Assisted Parallel Close Grip Pull-up primarily targets the Lats, while Dumbbell One Arm Bent-over Row focuses on the Lats. They also differ in equipment requirements: Assisted Parallel Close Grip Pull-up uses Lever, while Dumbbell One Arm Bent-over Row requires Dumbbell.

Which is better: Assisted Parallel Close Grip Pull-up or Dumbbell One Arm Bent-over Row?

Neither exercise is universally better - it depends on your goals. Choose Assisted Parallel Close Grip Pull-up to emphasize the Lats. Choose Dumbbell One Arm Bent-over Row for focus on the Lats. Many training programs include both for balanced development.

Can I do Assisted Parallel Close Grip Pull-up and Dumbbell One Arm Bent-over Row in the same workout?

Yes, you can perform both exercises in the same workout. Since they target the same muscle group (Lats), consider spacing them apart or doing them on different days for optimal recovery.

Which exercise is harder: Assisted Parallel Close Grip Pull-up or Dumbbell One Arm Bent-over Row?
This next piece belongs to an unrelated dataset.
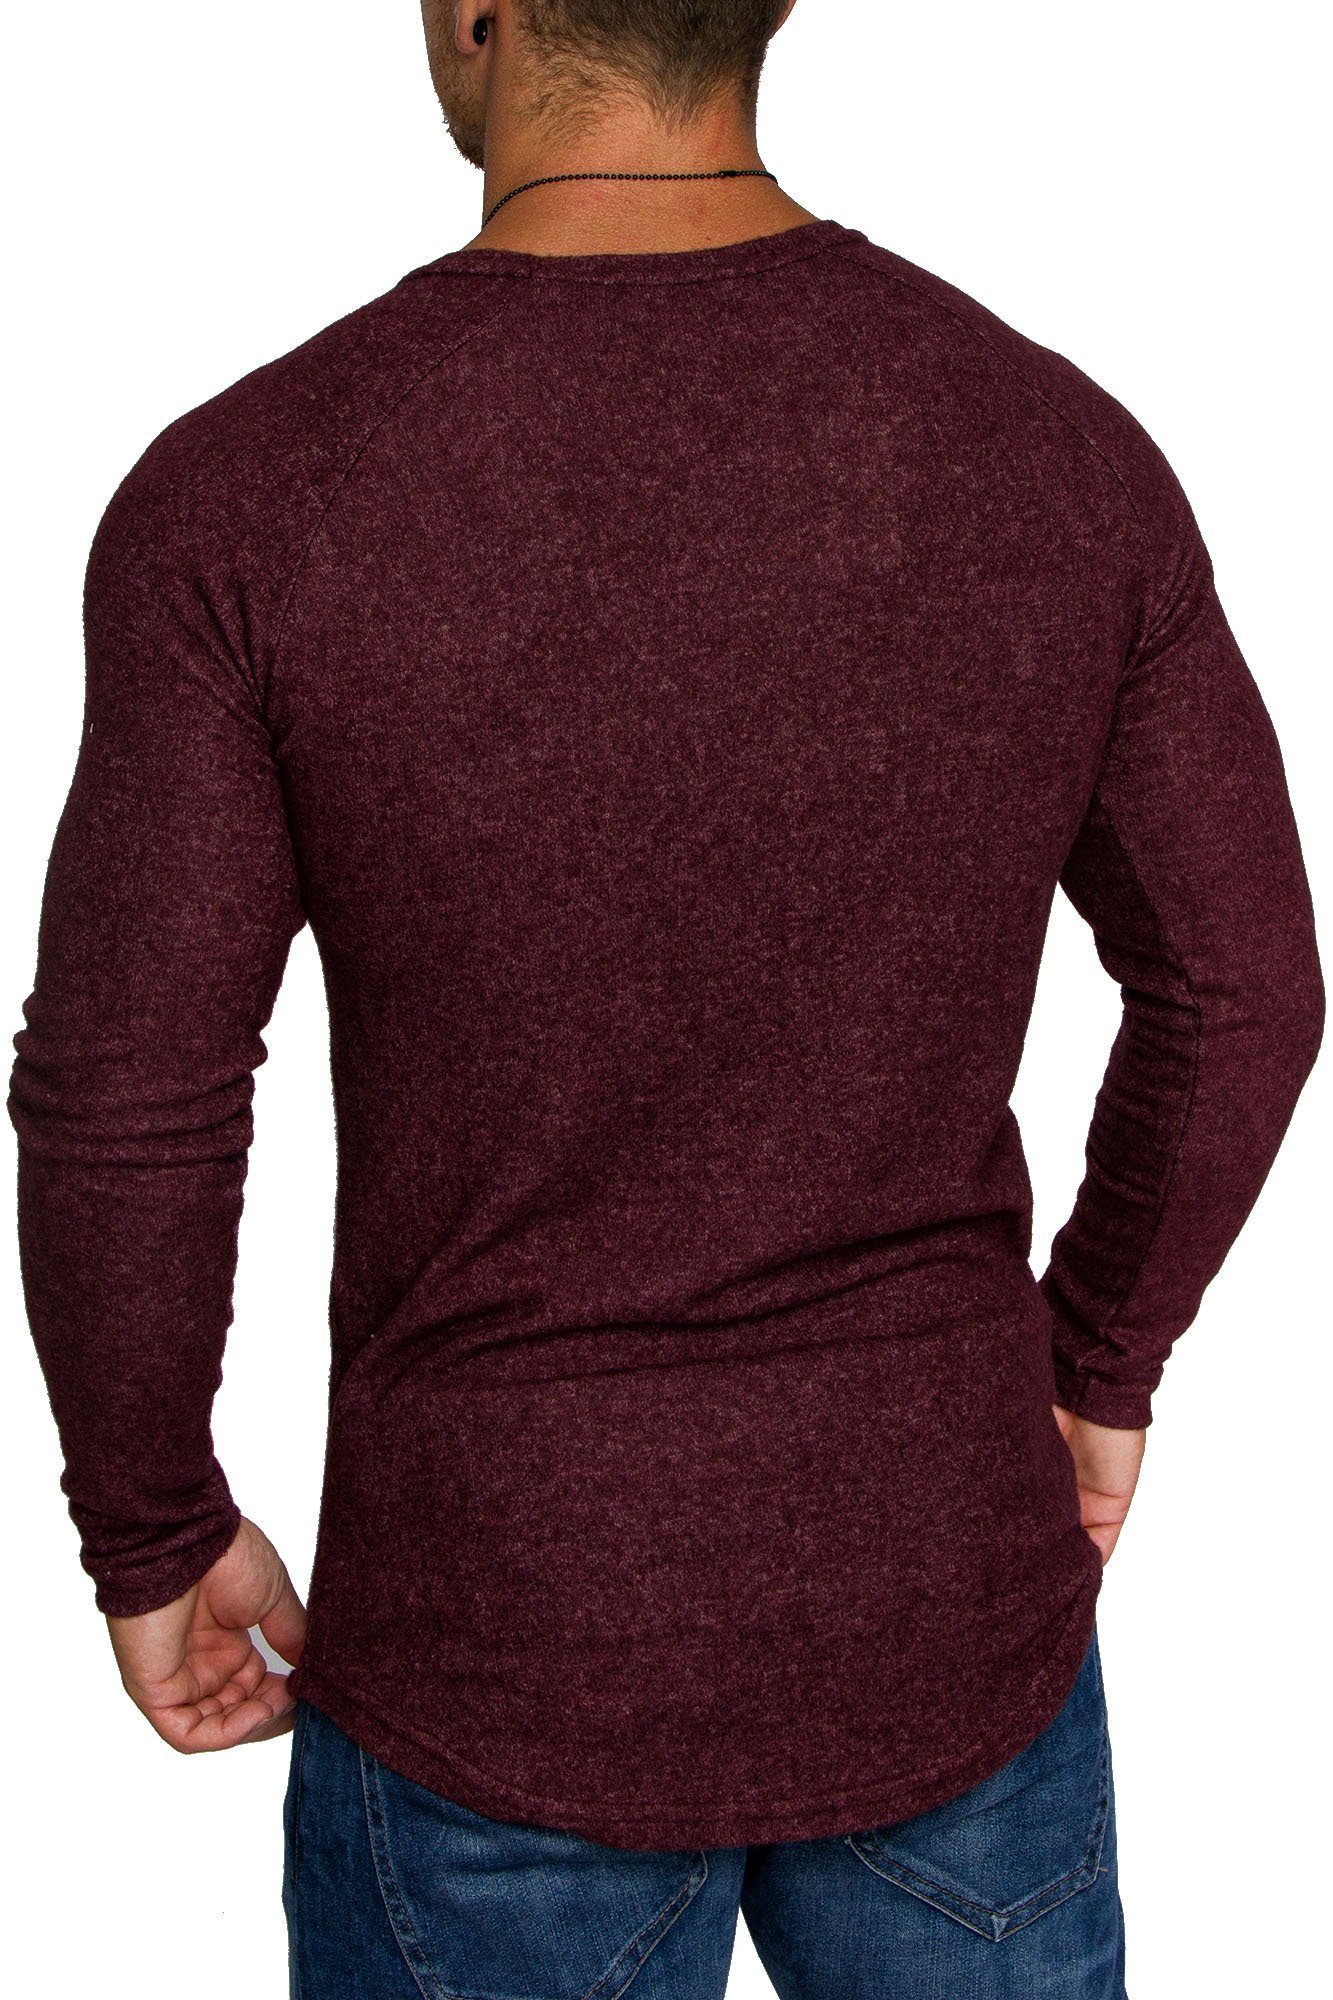 Amaci&Sons Sweatshirt TYLER Rundhals Oversize Bordeaux Herren Melange Pullover Hoodie Feinstrick Pullover mit Basic
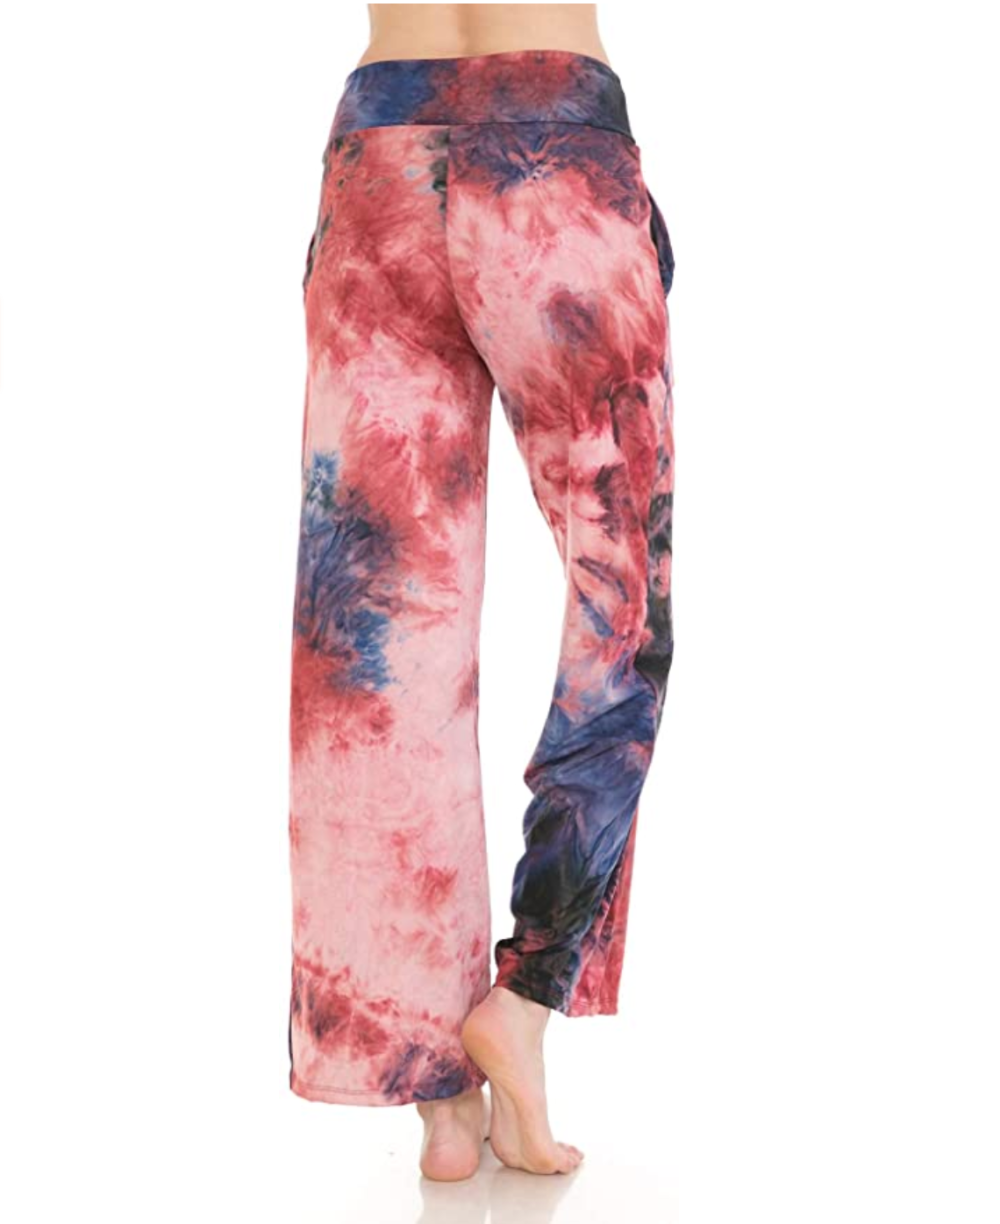 Leggings Depot Women's Popular Comfortable Casual Solid and Print Pajama Lounge Pants

Assisted Parallel Close Grip Pull-up is rated as beginner difficulty, while Dumbbell One Arm Bent-over Row is intermediate. Difficulty can vary based on your experience and the weight used.

Expert Verdict

Use Assisted Parallel Close Grip Pull-ups when you need an easy entry to vertical pulling, to train full-range lats under stretch, or to build relative pulling strength as you remove assistance and add load. Favor Dumbbell One Arm Bent-over Rows when you want unilateral control, precise tempo for hypertrophy, or a home-friendly option. Program both: pair rows as accessory work to fix imbalances and use pull-ups (assisted-to-weighted) for progressive vertical pulling strength. Typical programming: 3–5 sets of 4–8 reps for strength (weighted pull-ups or heavy rows), and 8–12 reps for hypertrophy with slow eccentrics and controlled pauses.